In the name of scientific research, an experiment at a San Diego beach is temporarily turning the ocean pink. Plumes in Nearshore Conditions, or PiNC, is a pink-hued dye experiment led by researchers from UC San Diego’s Scripps Institution of Oceanography and the University of Washington to explore how minor freshwater outflows interact with the surf zone.

The project is focused on the estuary and surrounding coastline at Los Peasquitos Lagoon, located within Torrey Pines State Beach and Natural Reserve in San Diego, Calif. The first of three dye releases began on January 20, with the remaining releases planned for late January and early February 2023.

Rivers and estuaries play an important role in delivering freshwater and materials to the coastal ocean, but little is known about how these plumes of more buoyant, fresher water interact with the denser, saltier, and often colder nearshore ocean environment, particularly when they encounter breaking waves. The PiNC research team can track the processes that occur when small-scale plumes of freshwater reach the surf zone by releasing an environmentally friendly pink dye in the mouth of the estuary.

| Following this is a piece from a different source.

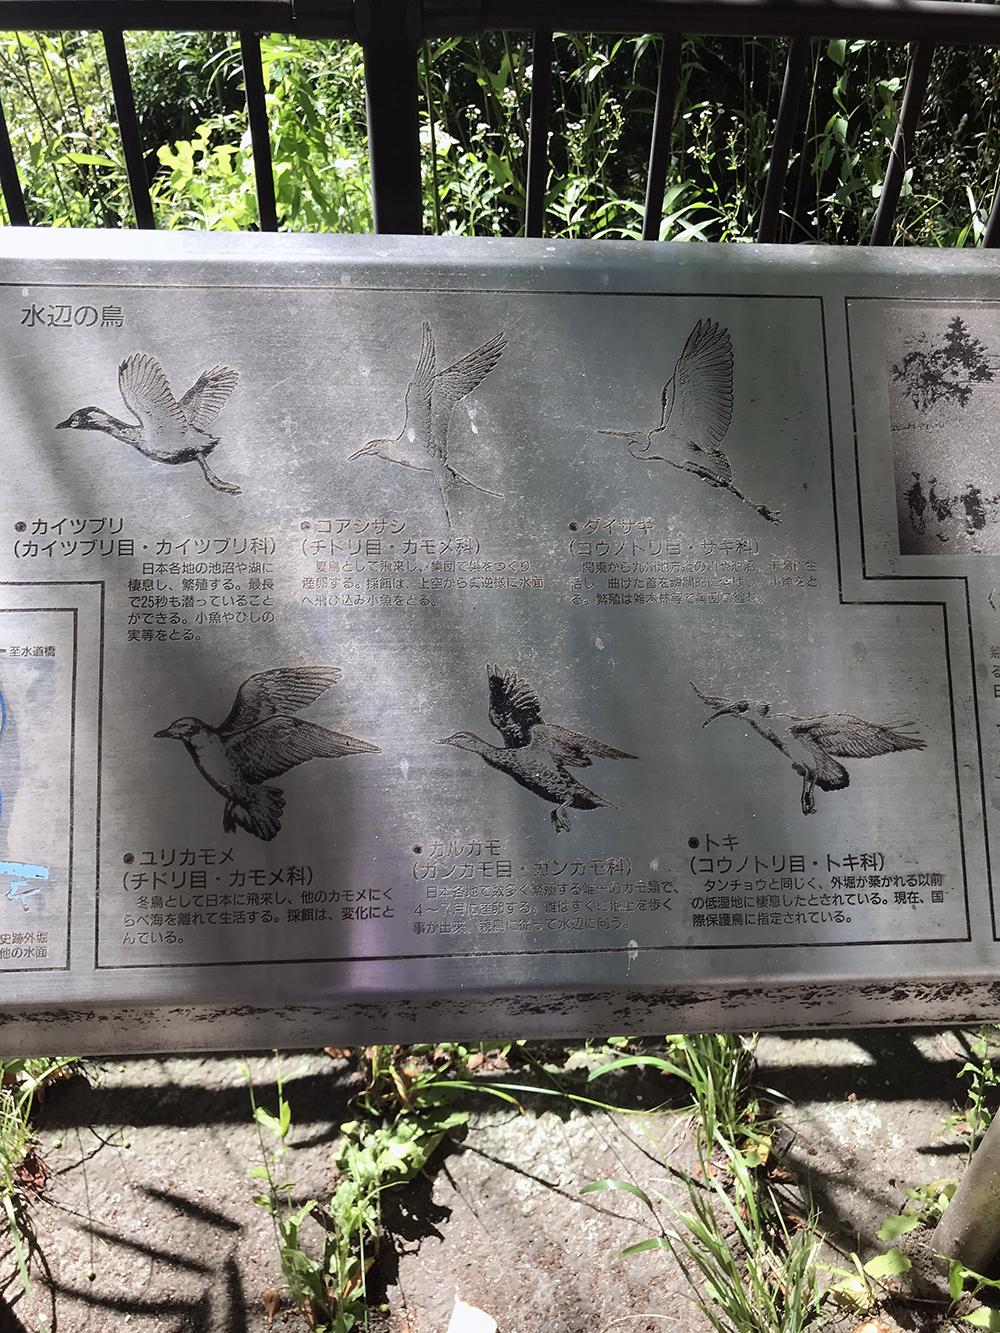 外濠公園に生息する鳥の標識

“I’m excited because this research hasn’t been done before and it’s a really unique experiment,” said Scripps coastal oceanographer Sarah Giddings, who is leading the PiNC study. “We’re bringing together a lot of different people with different expertise, such that I think it’s going to have some really great results and impacts.” “We will combine results from this experiment with an older field study and computer models that will allow us to make progress on understanding how these plumes spread.”

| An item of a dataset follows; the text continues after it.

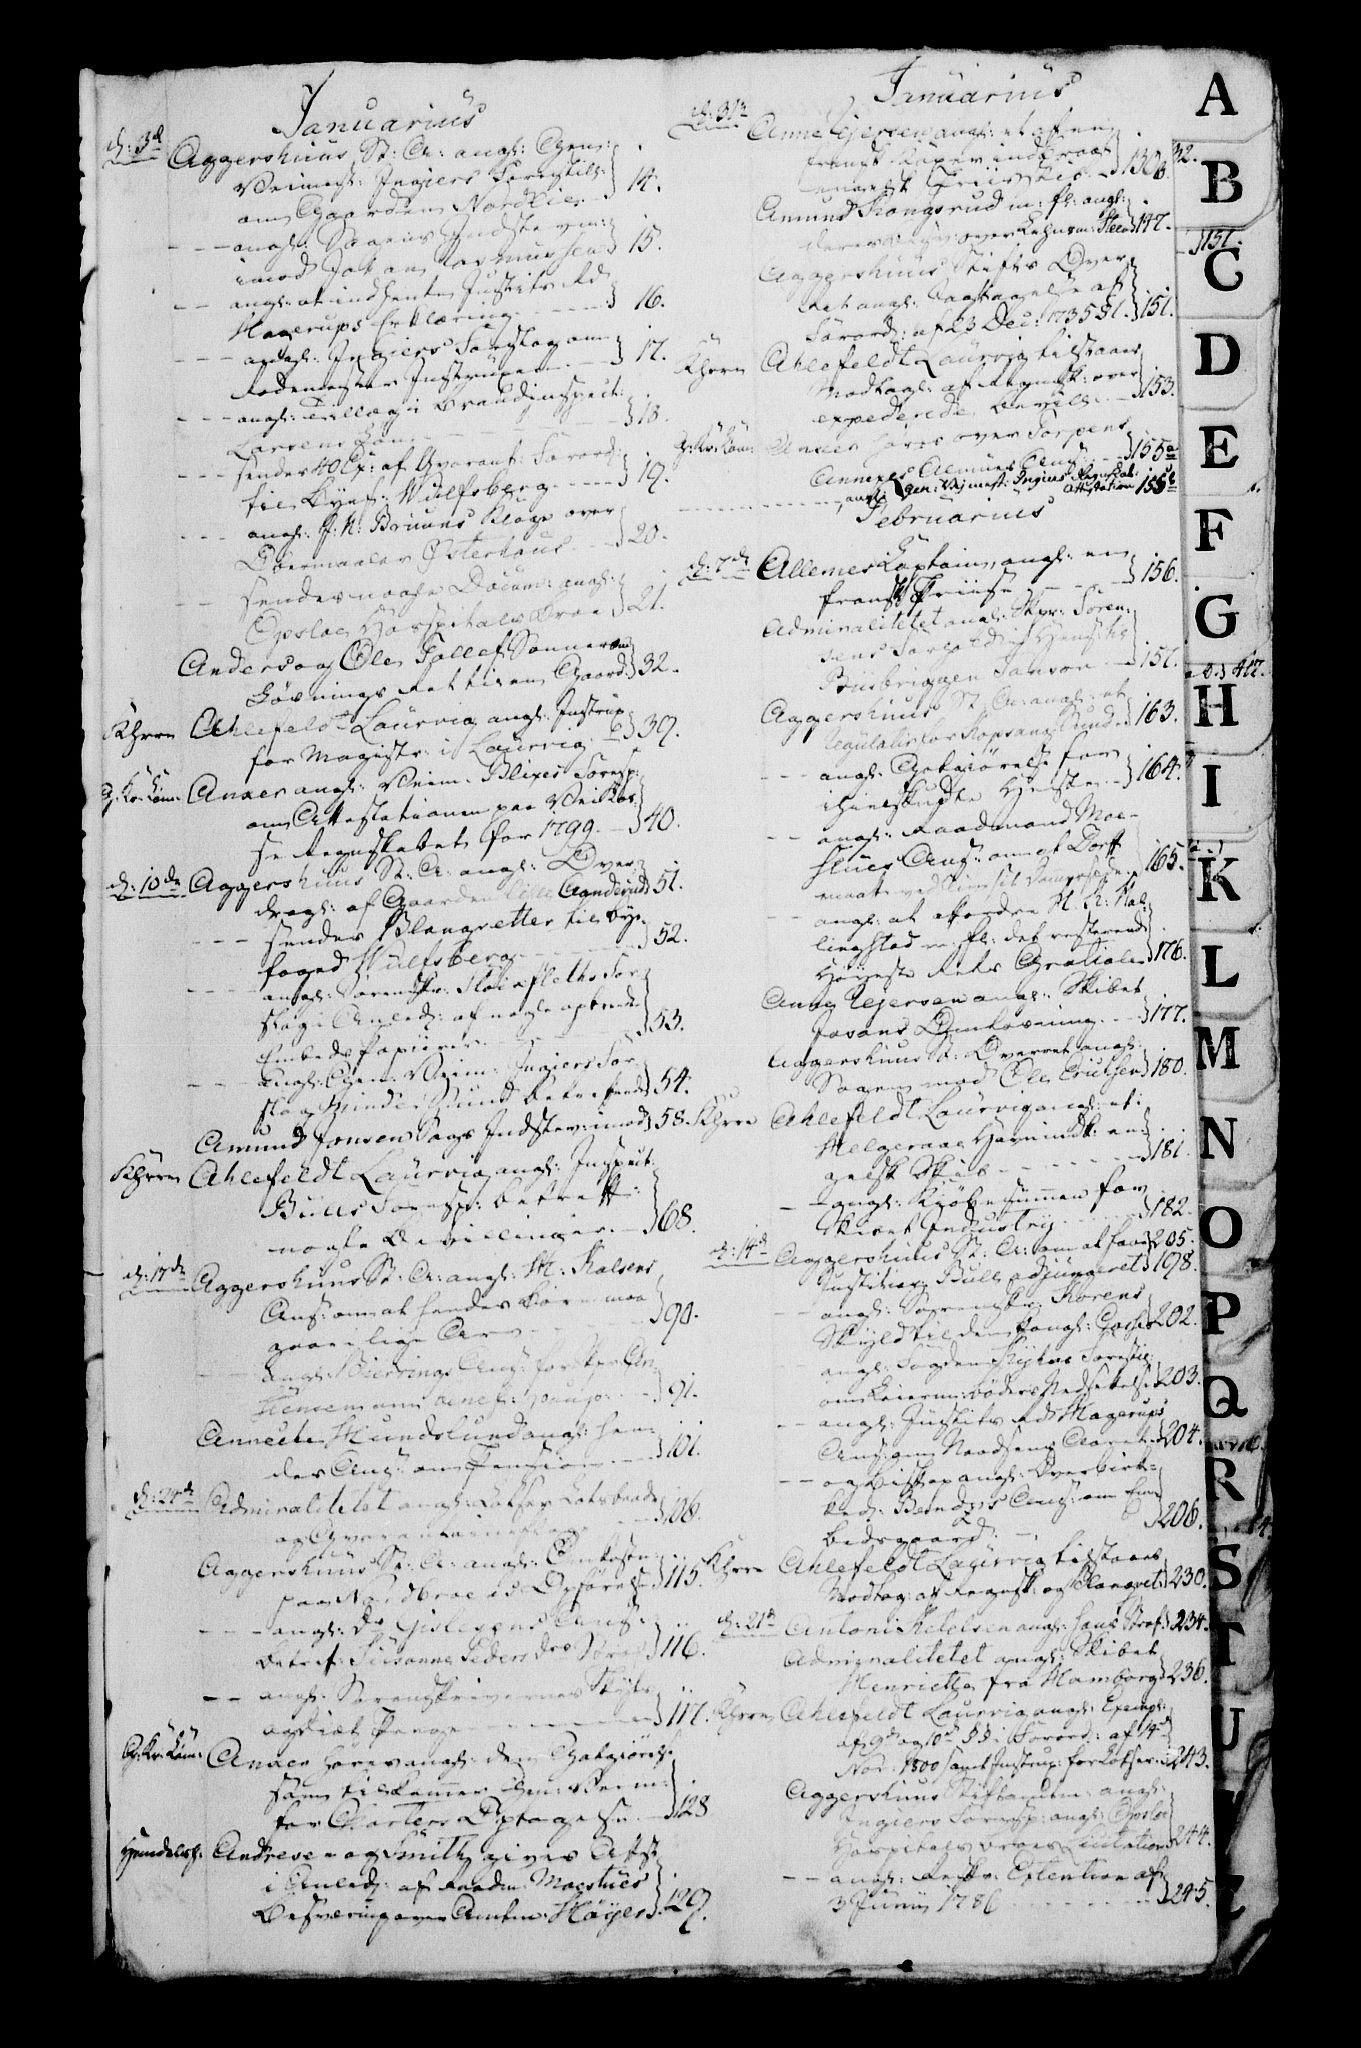 RA, Danske Kanselli 1800-1814, H/Hg/Hga/Hgaa/L0003: Brevbok, 1801

Researchers are following the bright pink dye from land, sea, and sky using a range of instruments, such as drones, sensors attached to sand poles in the river mouth and surf zone, and a jet ski equipped with a fluorometer—a device that monitors the fluorescence or light released by the dye. Several moorings and sensors put along the bottom are measuring ocean currents and other parameters such as wave heights, tides, salinity, and temperature.

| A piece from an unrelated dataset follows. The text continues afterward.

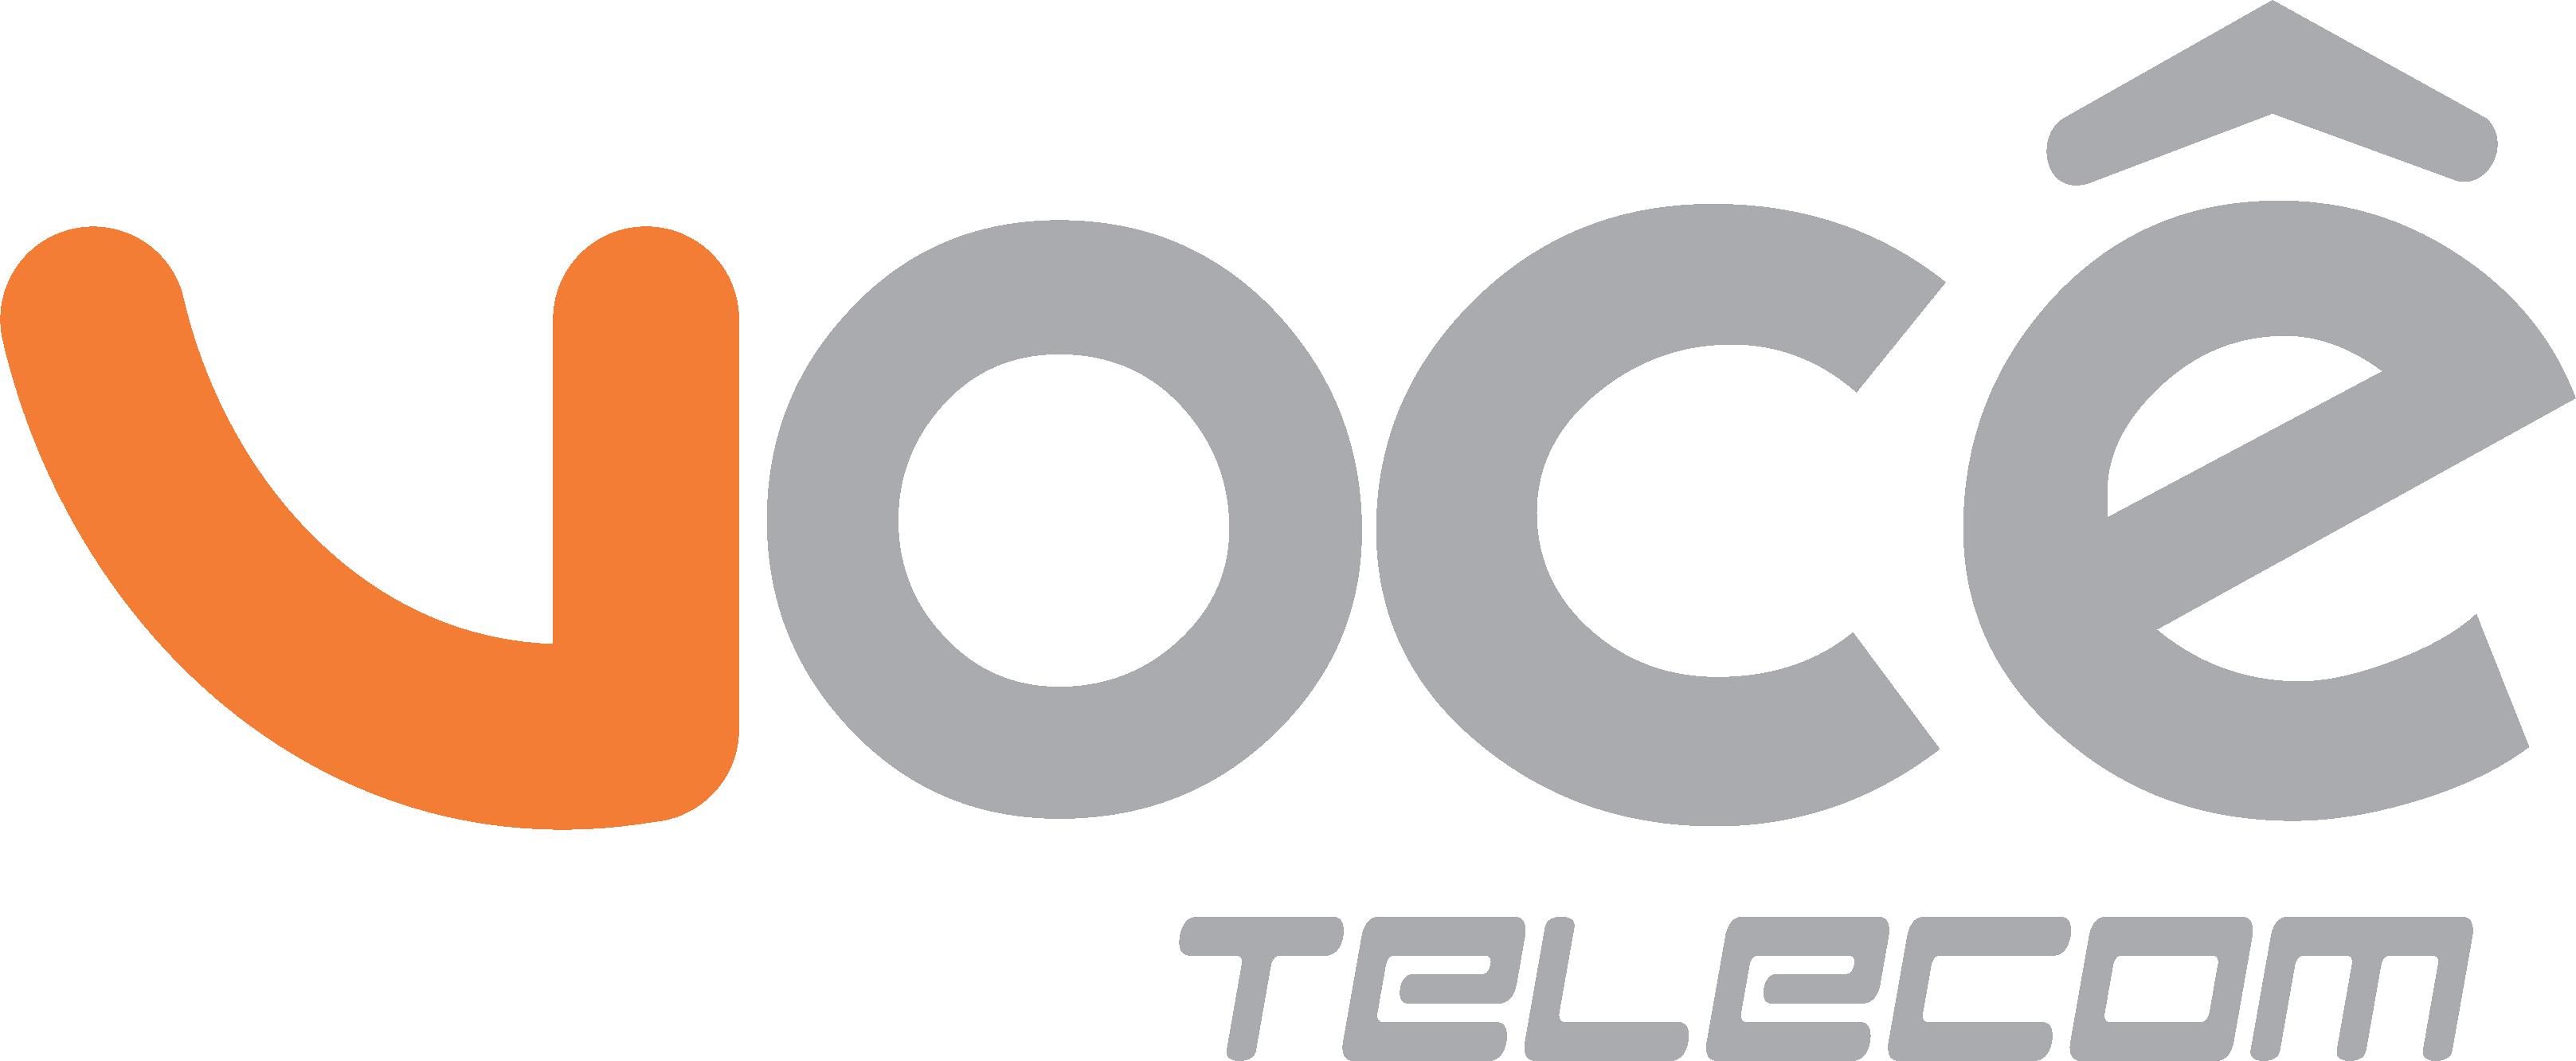 Você Telecom se pronuncia sobre interrupção de sinal e anuncia novidades para assinantes

The PiNC experiment, according to the researchers, will provide the first-ever view of the buoyant plume/wave mixing dynamics at work in this specific location, leading to a better understanding of how other small-to-moderate outflows of freshwater interact with the waves at locations around the world. This study’s findings will be critical in assessing the spread of silt, contaminants, larvae, and other essential items in the nearshore environment.

This isn’t the first-time science has been tickled pink. A 2015 experiment by Scripps Oceanography scientists was used to track beach pollution dynamics near the U.S.-Mexican border with pink dye. The experiment is set to run through February with two more dye releases.